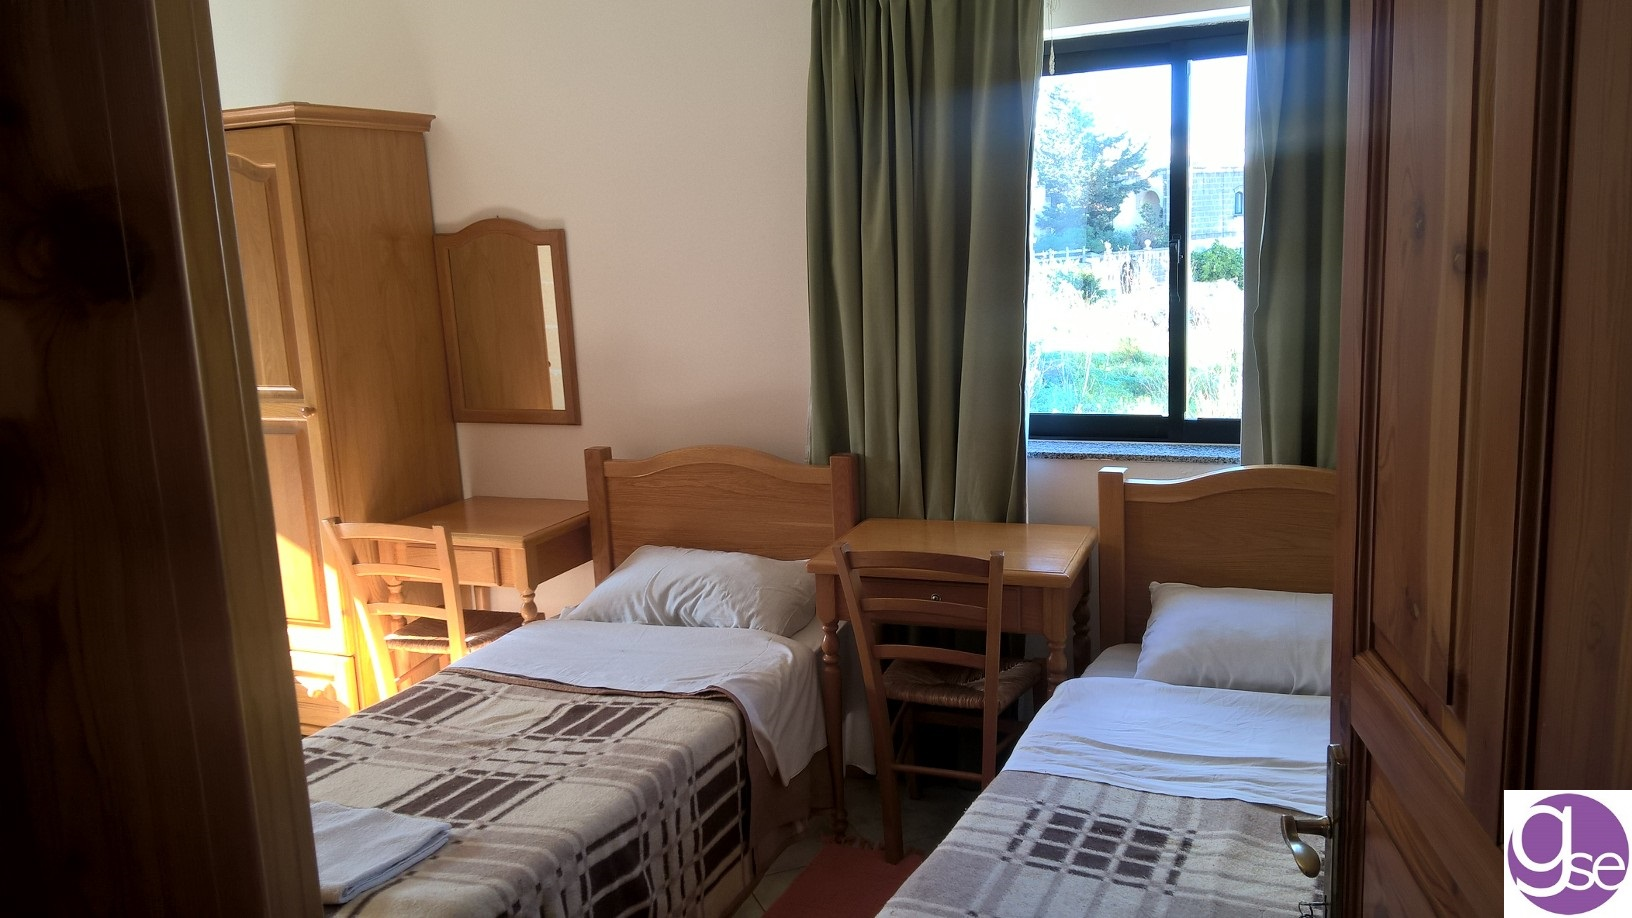 GSE Malta dil okulu yurt konaklamasi iki kisilik odalar
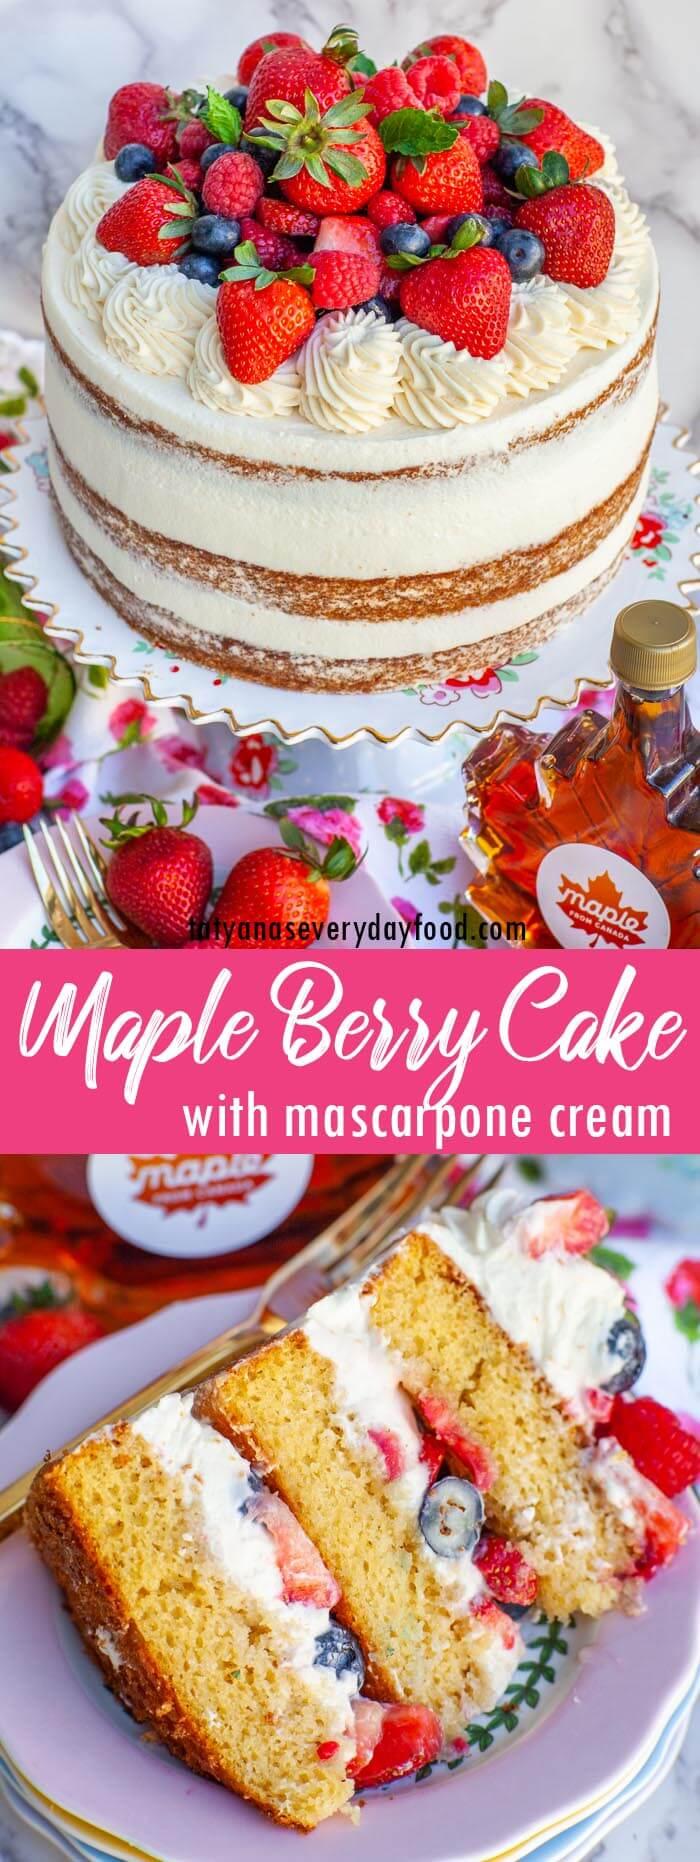 Maple Berry Cake video recipe
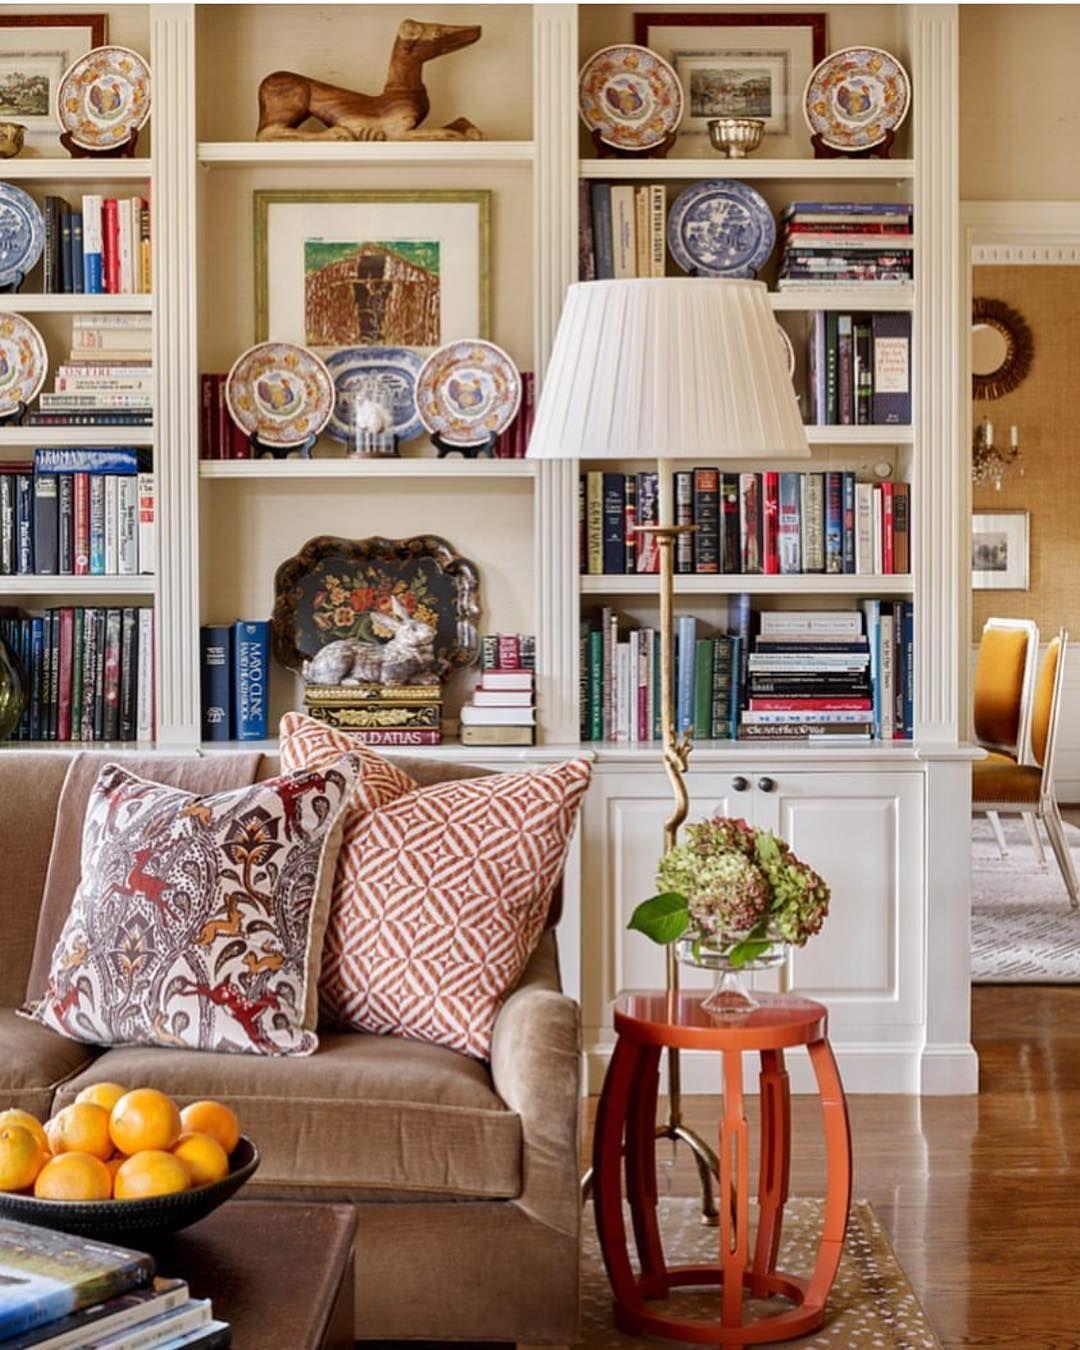 Roman And Ivy On Instagram A Room With Books Just Feels So Good Via Jamestfarmer Homeinspo Houseportrait Interio Living Decor Interior Interior Design

◇ ◇ ◇

Problem =
Only the pictures are to be left out; copy all the remaining material above exactly.

Response area =
 GSE Malta dil okulu yurt konaklamasi iki kisilik odalar
 Maple Berry Cake video recipe
 Roman And Ivy On Instagram A Room With Books Just Feels So Good Via Jamestfarmer Homeinspo Houseportrait Interio Living Decor Interior Interior Design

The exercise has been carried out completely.